• **Material shown**
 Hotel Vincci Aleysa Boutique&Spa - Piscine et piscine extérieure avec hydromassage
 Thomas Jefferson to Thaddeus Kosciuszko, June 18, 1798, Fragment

---

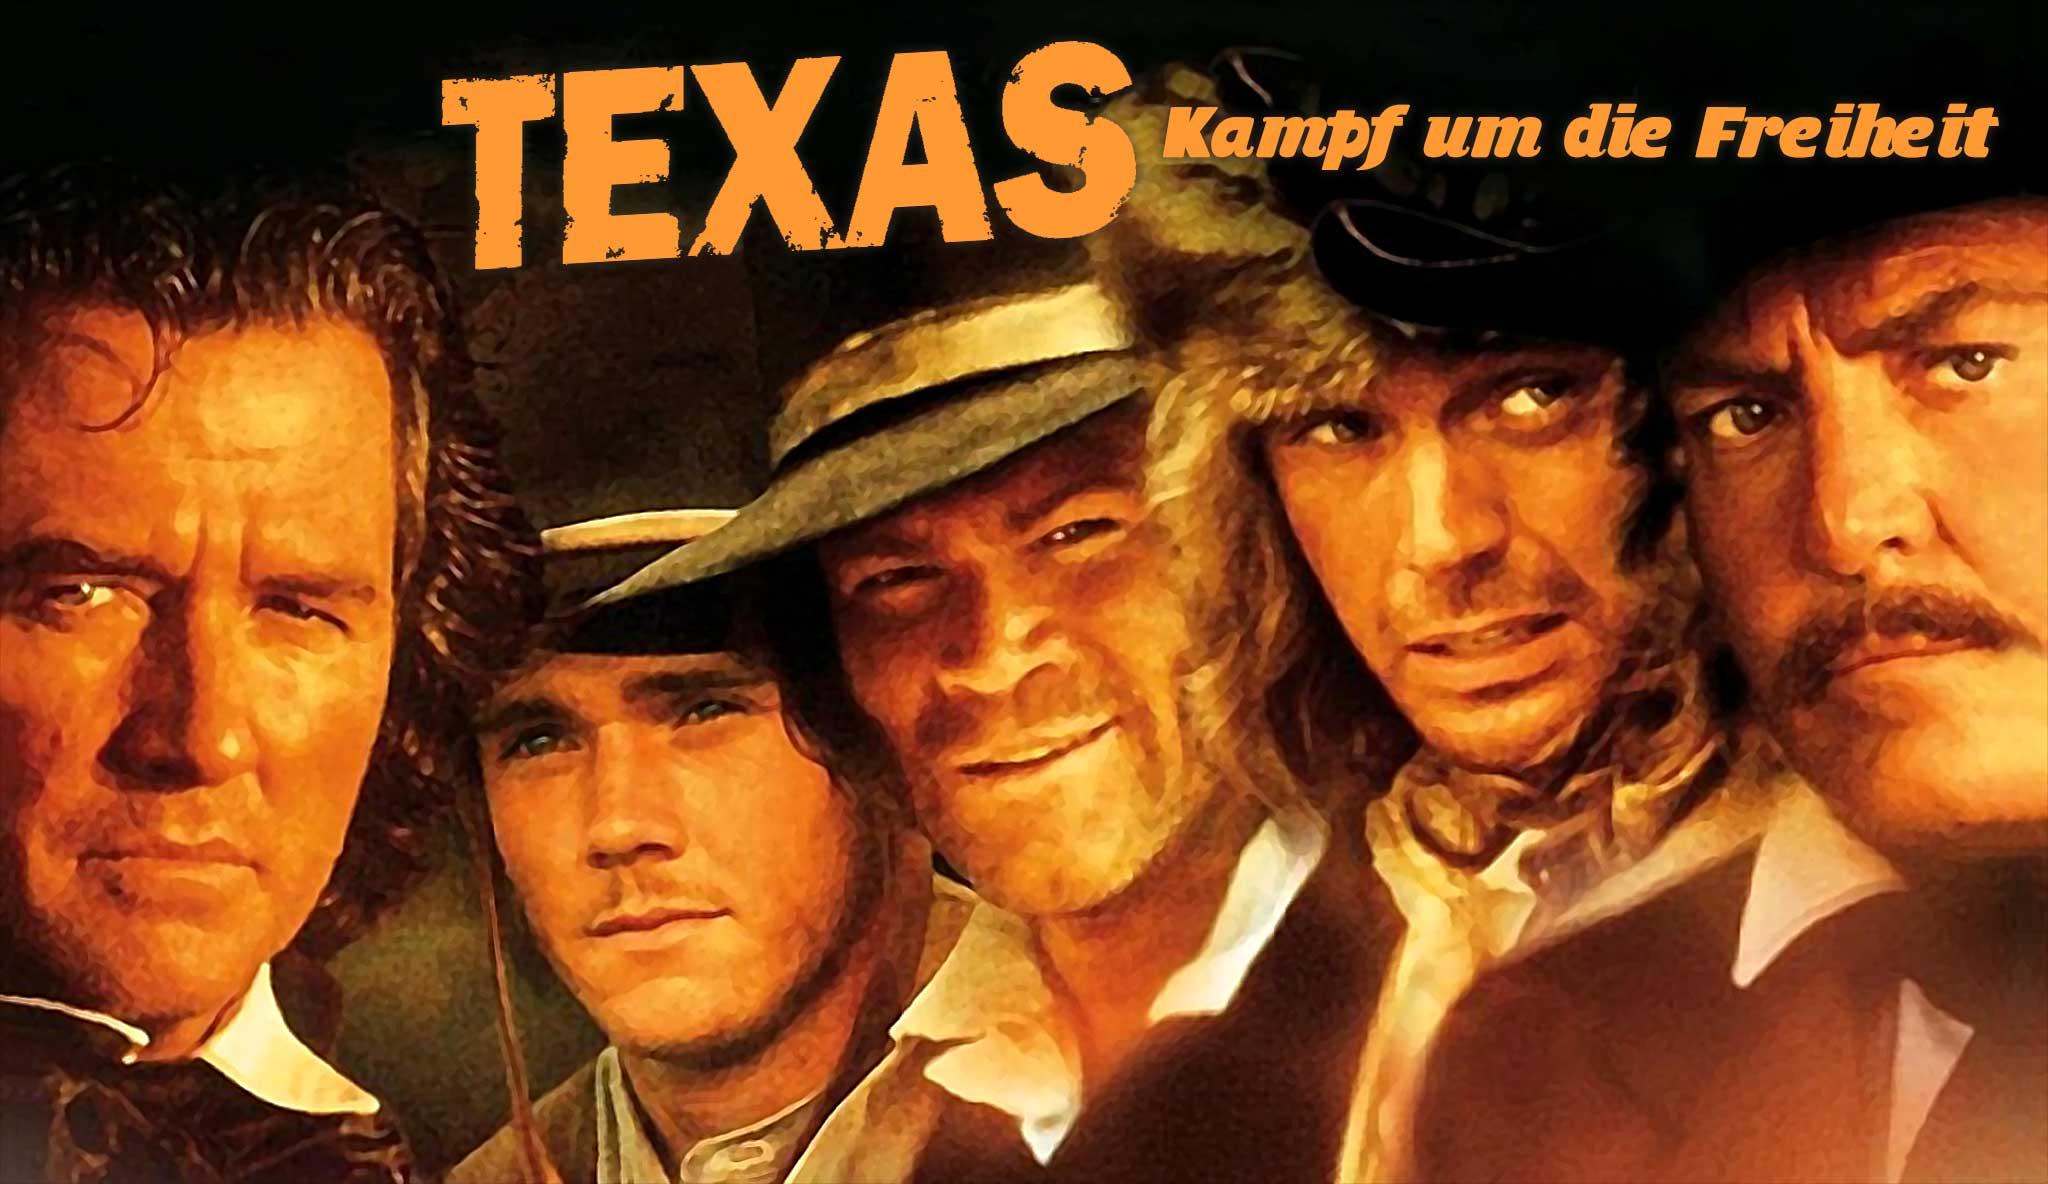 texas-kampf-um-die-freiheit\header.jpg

--

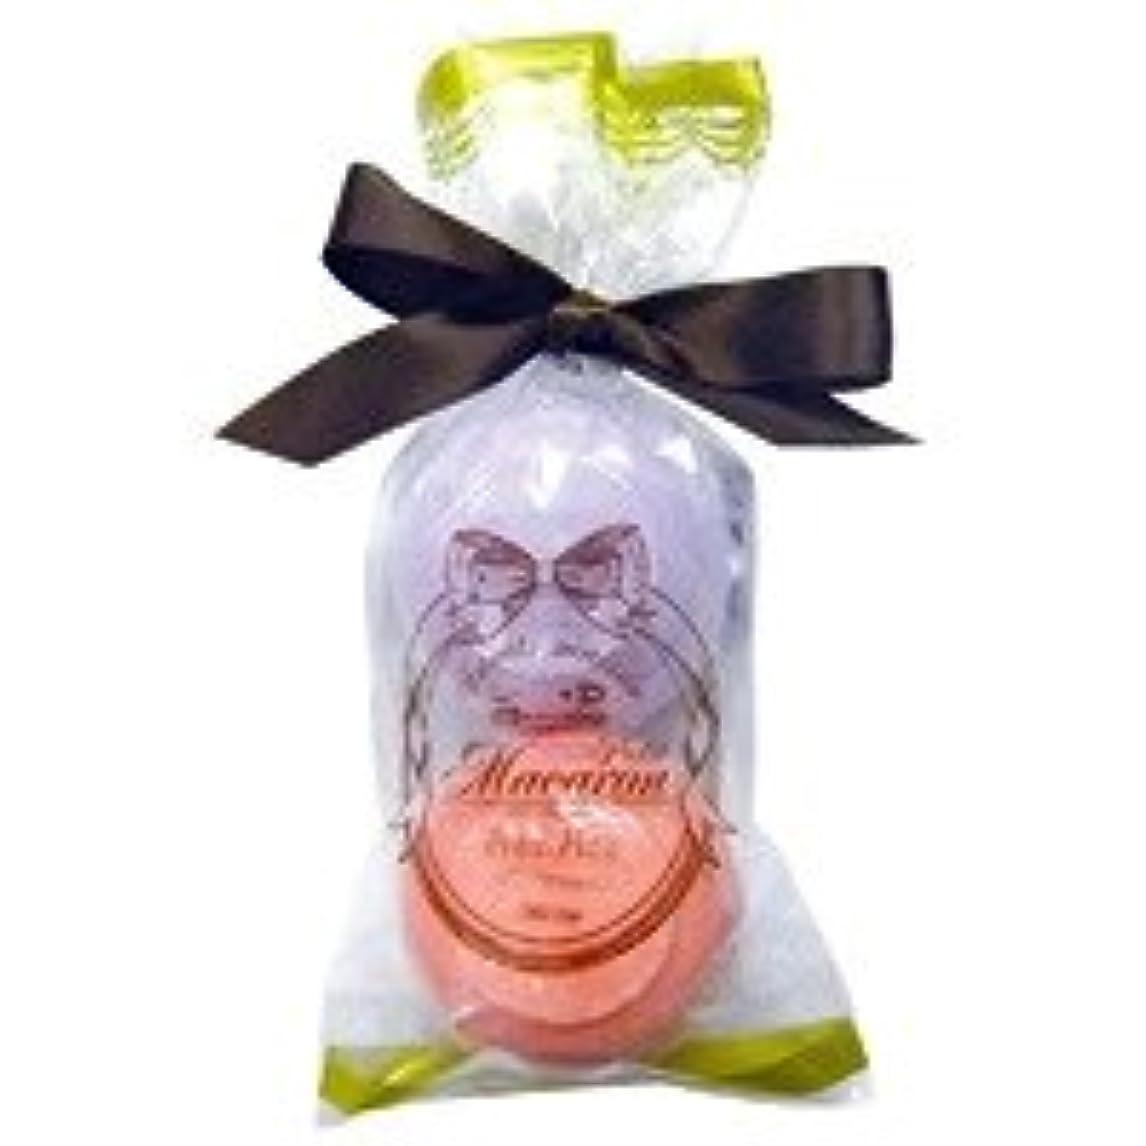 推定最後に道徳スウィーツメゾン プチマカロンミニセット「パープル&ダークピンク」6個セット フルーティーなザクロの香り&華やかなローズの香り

• **Problem to work on**
Starting at the line that contains "Hotel Vincci Aleysa" and stopping after the line that contains "Thomas Jefferson to", write out every line exactly as it appears above, and no other line.

• **Answer**
 Hotel Vincci Aleysa Boutique&Spa - Piscine et piscine extérieure avec hydromassage
 Thomas Jefferson to Thaddeus Kosciuszko, June 18, 1798, Fragment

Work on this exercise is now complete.